The Agence France-Presse, a french news agency, published an article in June 2013 documenting the use of social media by Mexicans as a way to report on the drug war. The article was picked up by many news outlets, including The Raw Story.
"With traditional media often intimidated by drug cartels, social media has given Mexicans a way to stay appraised about the dangers lurking their towns and cites."
How bad is the violence that many media outlets refuse to cover it? How real are the threats? There are many accounts of violent killings and attacks on non-cartel civilians (including journalists), but how pervasive are these attacks?
Diego Valle, a Mexican blogger who frequently writes about the drug war, generated a chart which shows how drug war violence is spread across mexico.

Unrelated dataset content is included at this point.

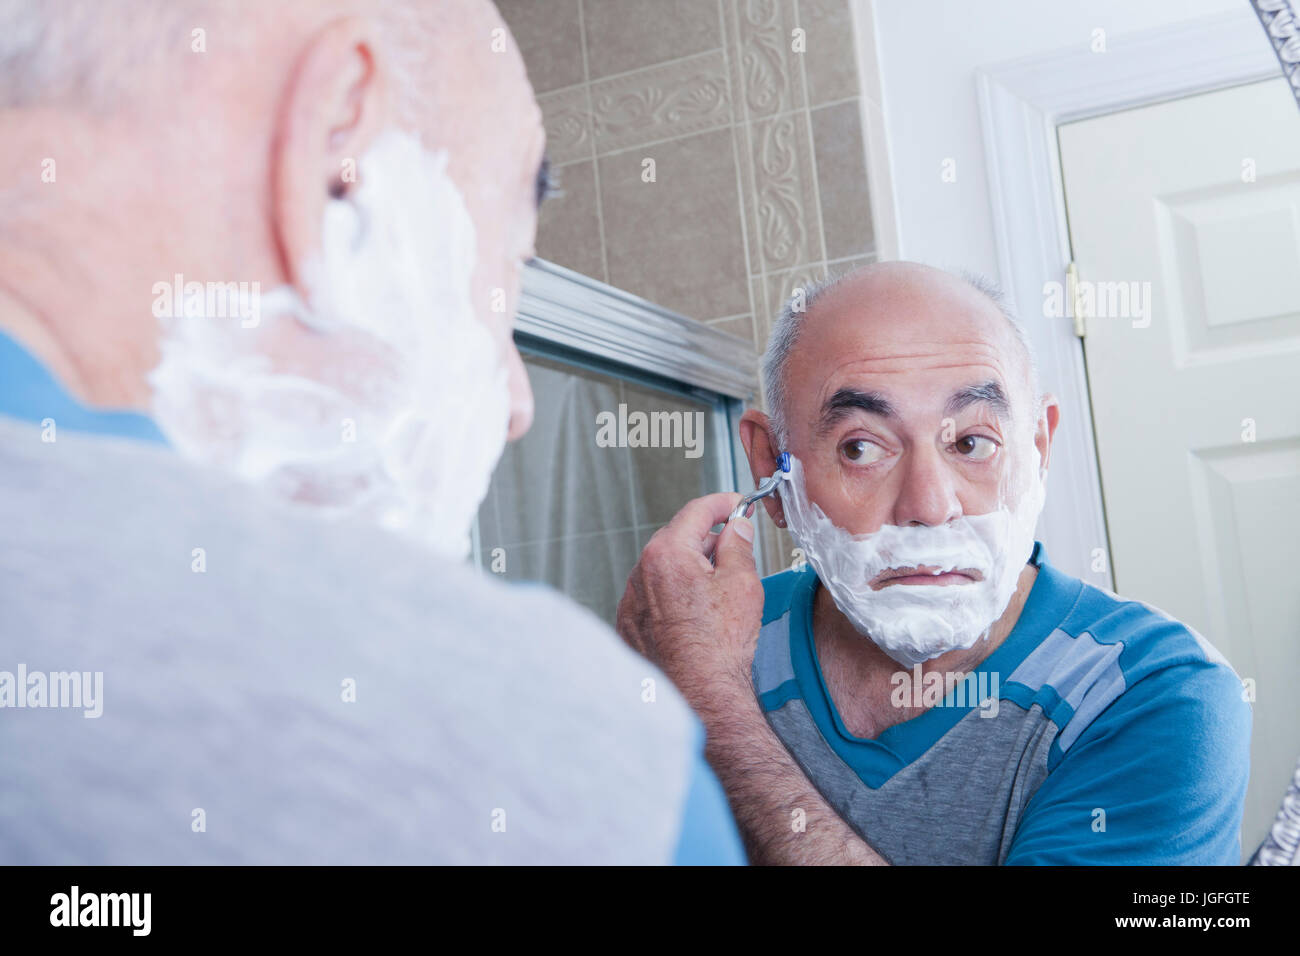 Reflection of Hispanic man shaving face in mirror Stock Photo

His visualization helps to put the violence in perspective. Using the line graph, one can adjust the options to see how drug war violence has changed over time. The map helps put in perspective where this violence is occuring.
Stephanie Yamkovenko, an award-winning data journalist, discussed 5 tips for data visualizations in Quill, a publication of The Society of Professional Journalists.
One of the five recommendations she has is to search for information or data that is not included in a data set. Impressively Diego Valle does this very well by combining many different data sets - each one adding another piece of information or perspective that is not included in the others.
Just like video or photography, effectively using data visualizations can make a story much more understandable and compelling to the reader.